The task —
Exact reproduction of the data is required, with images excluded.

Data provided —
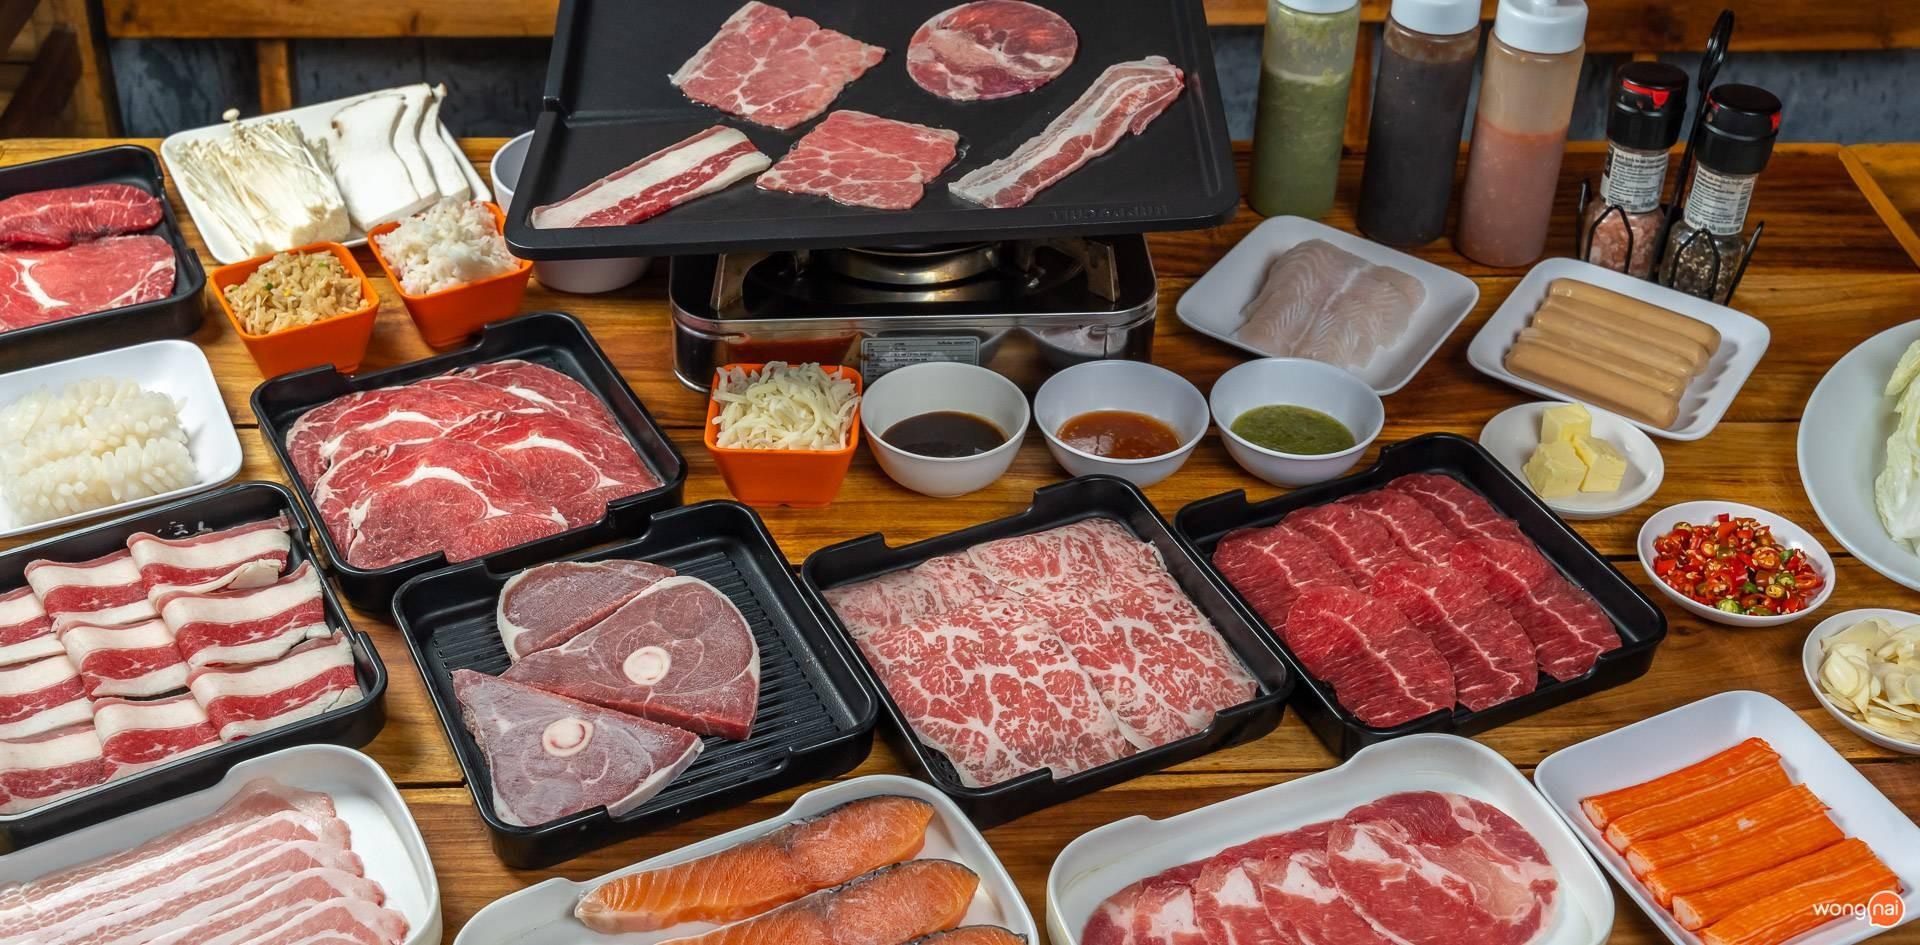 Dragon_buffet เนื้อย่างในตำนานปรีดี46ฯ ปรีดีพนมยงค์ 46
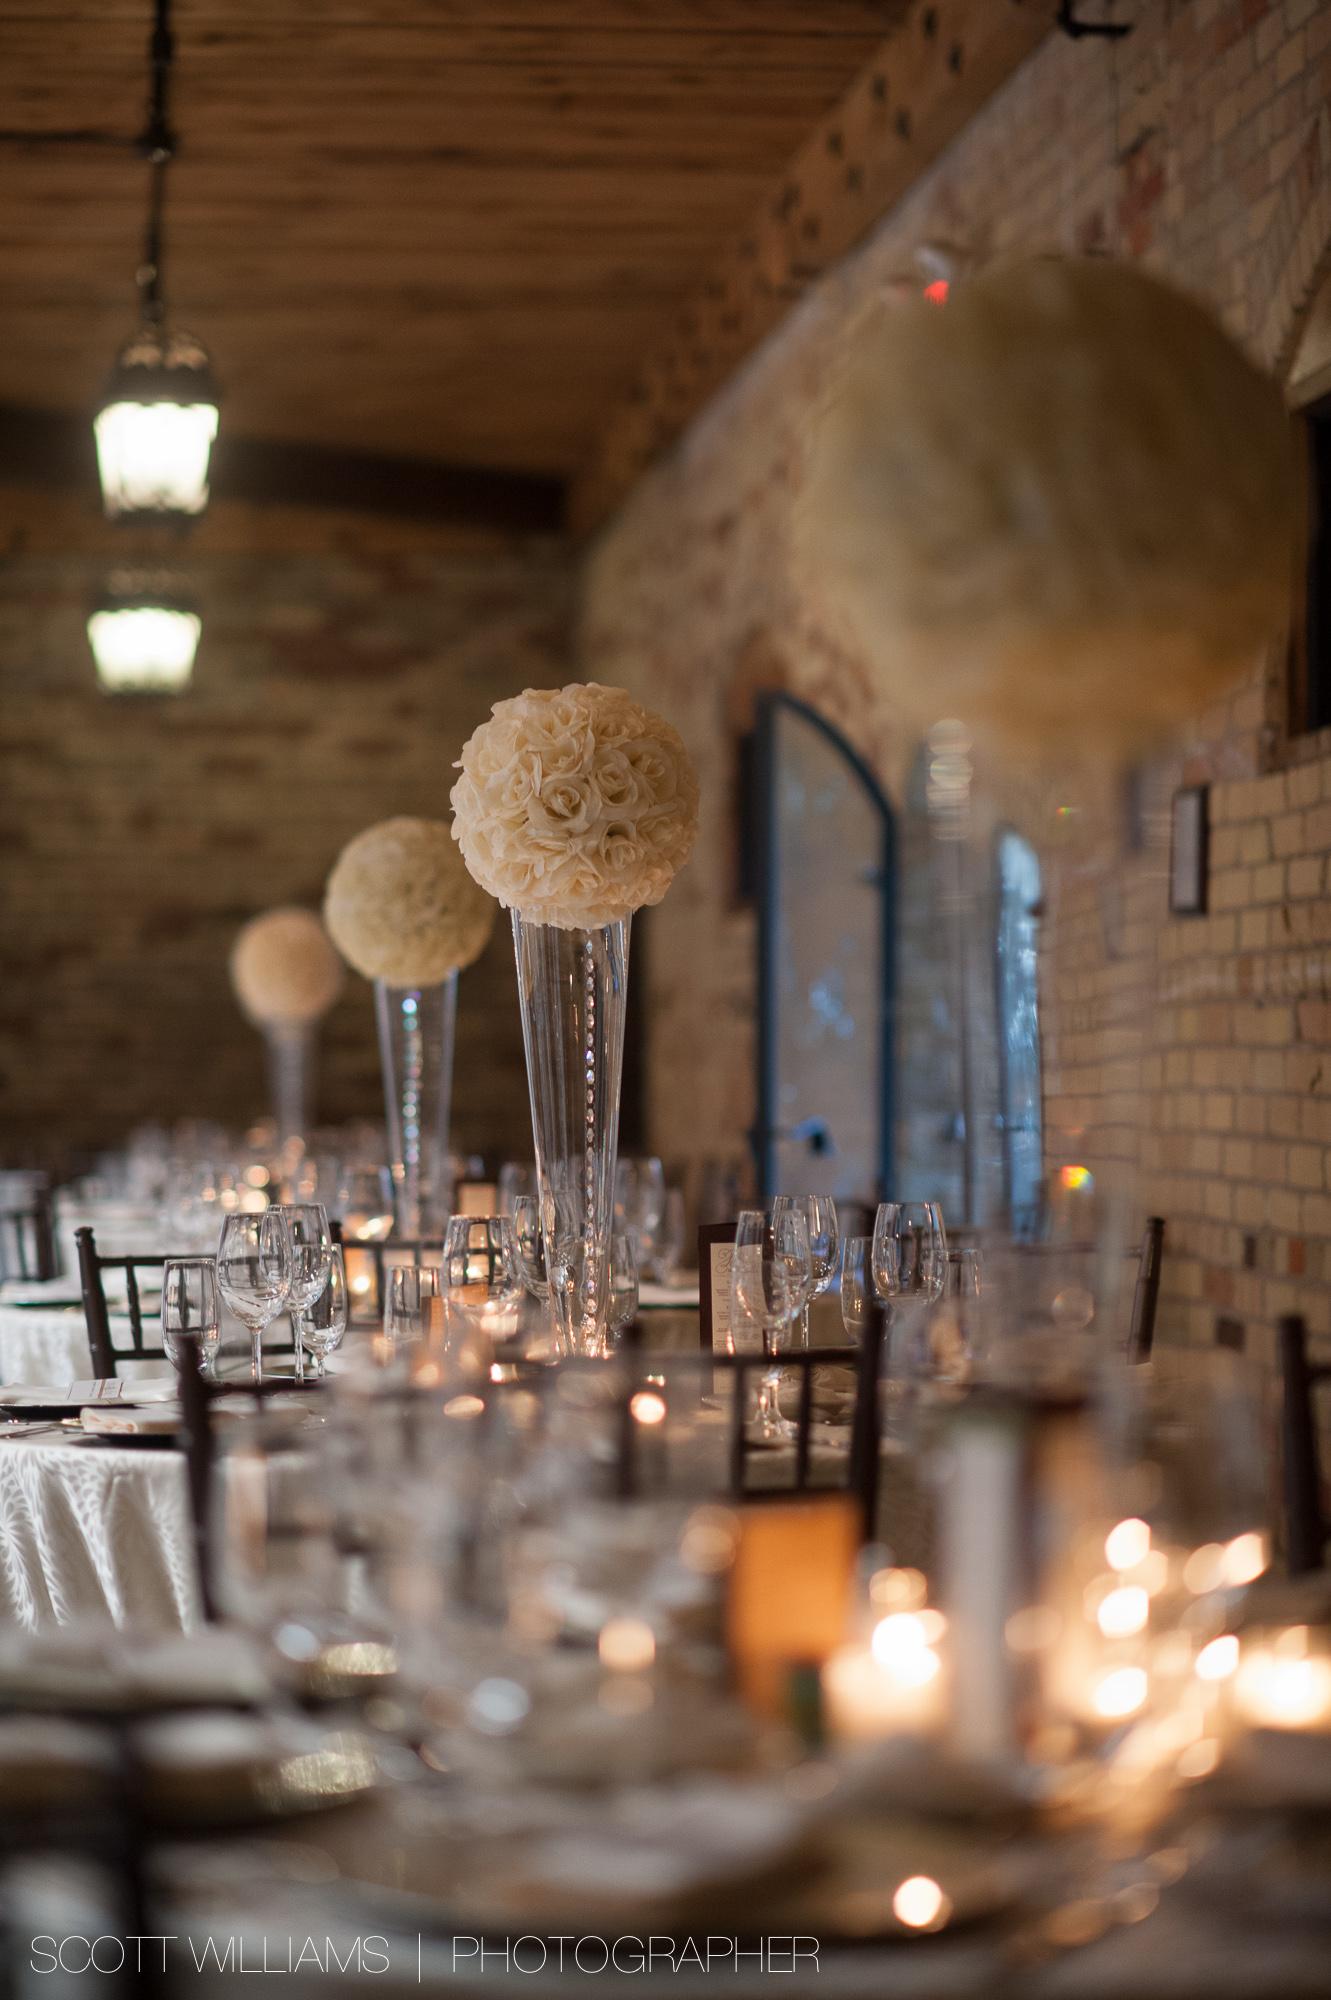 hacienda-sarria-kitchener-wedding-005.jpg
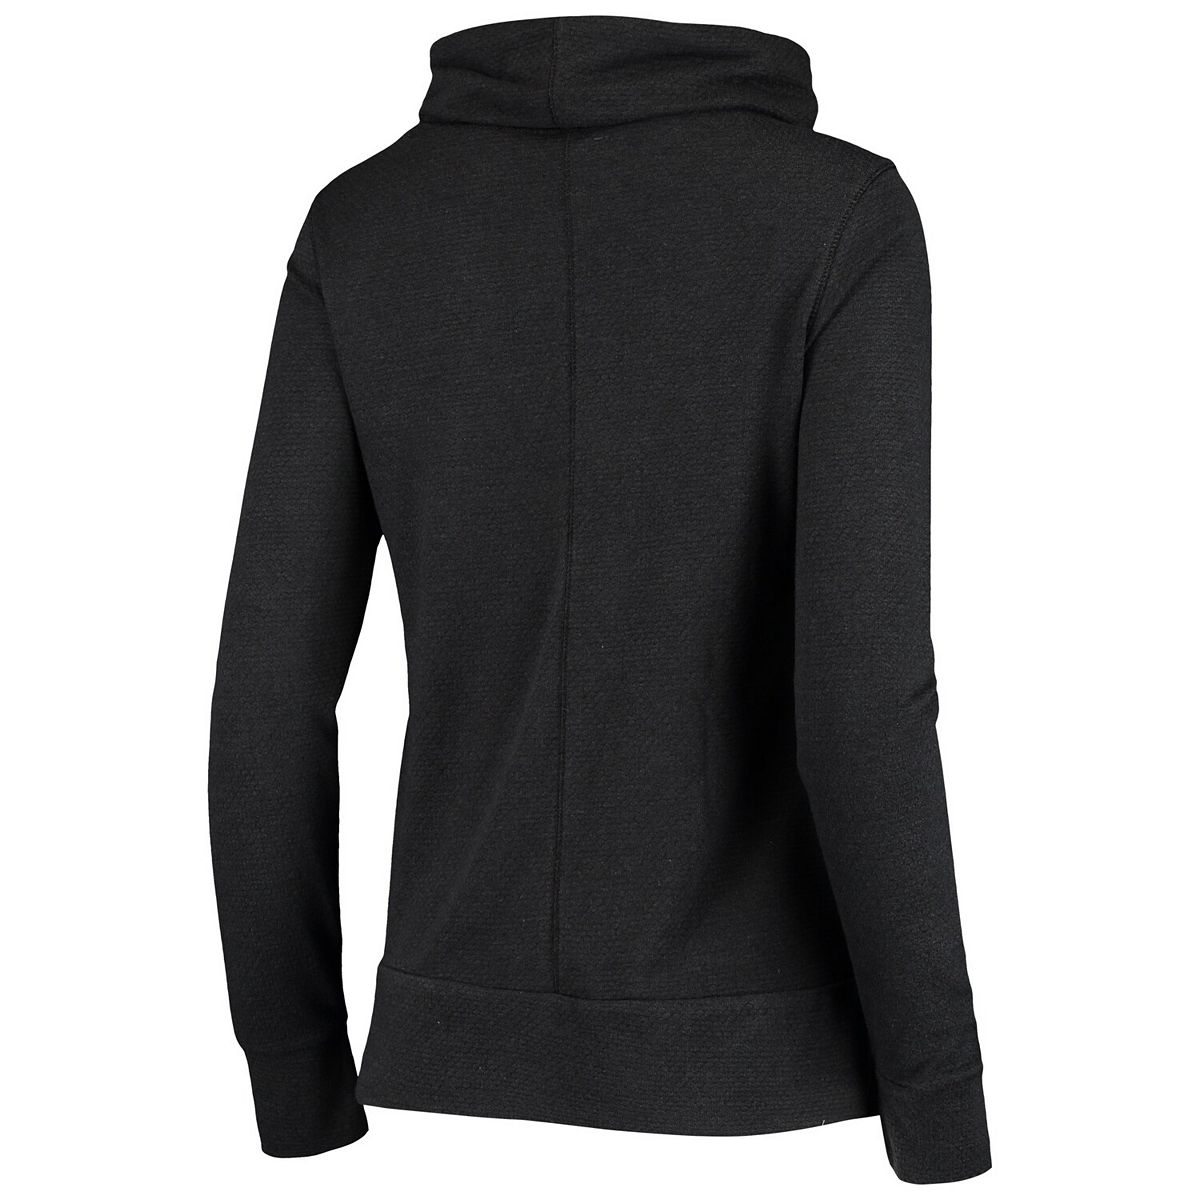 Women's Antigua Black Minnesota United FC Caliber Sweatshirt 6a2R8
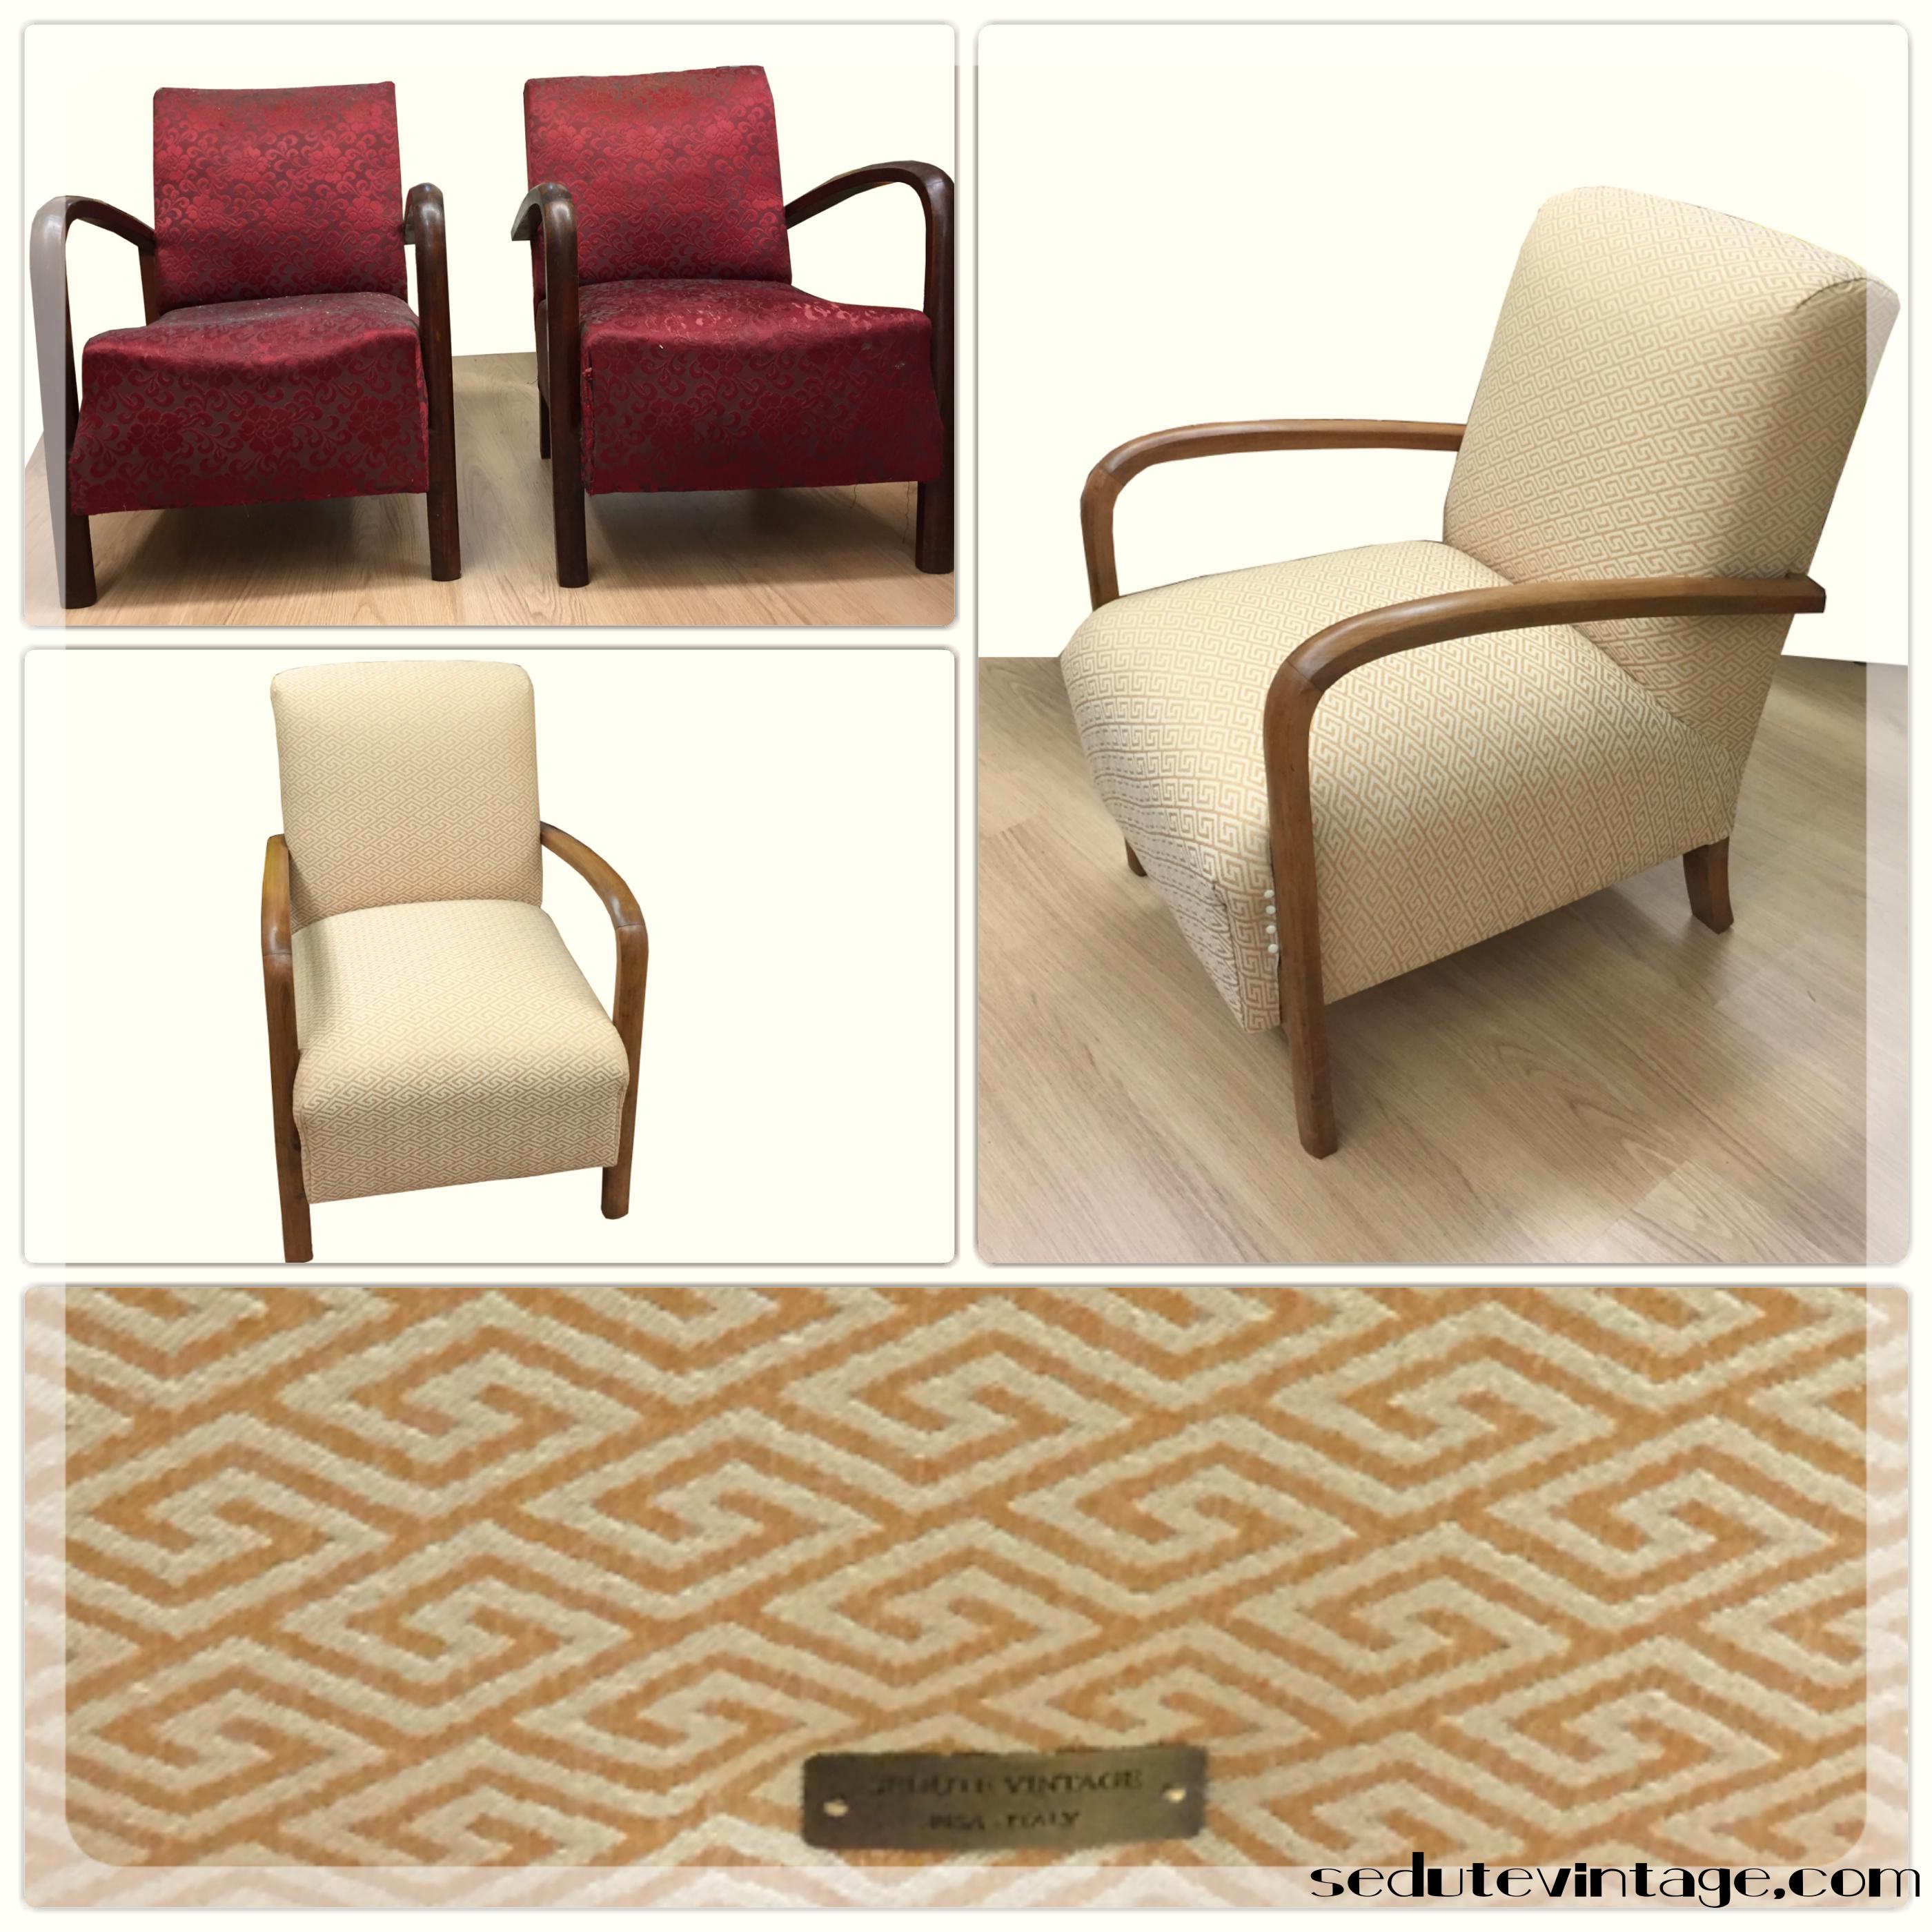 poltrone armchairs sedute vintage

Task output —
 Dragon_buffet เนื้อย่างในตำนานปรีดี46ฯ ปรีดีพนมยงค์ 46
 hacienda-sarria-kitchener-wedding-005.jpg
 Women's Antigua Black Minnesota United FC Caliber Sweatshirt 6a2R8
 poltrone armchairs sedute vintage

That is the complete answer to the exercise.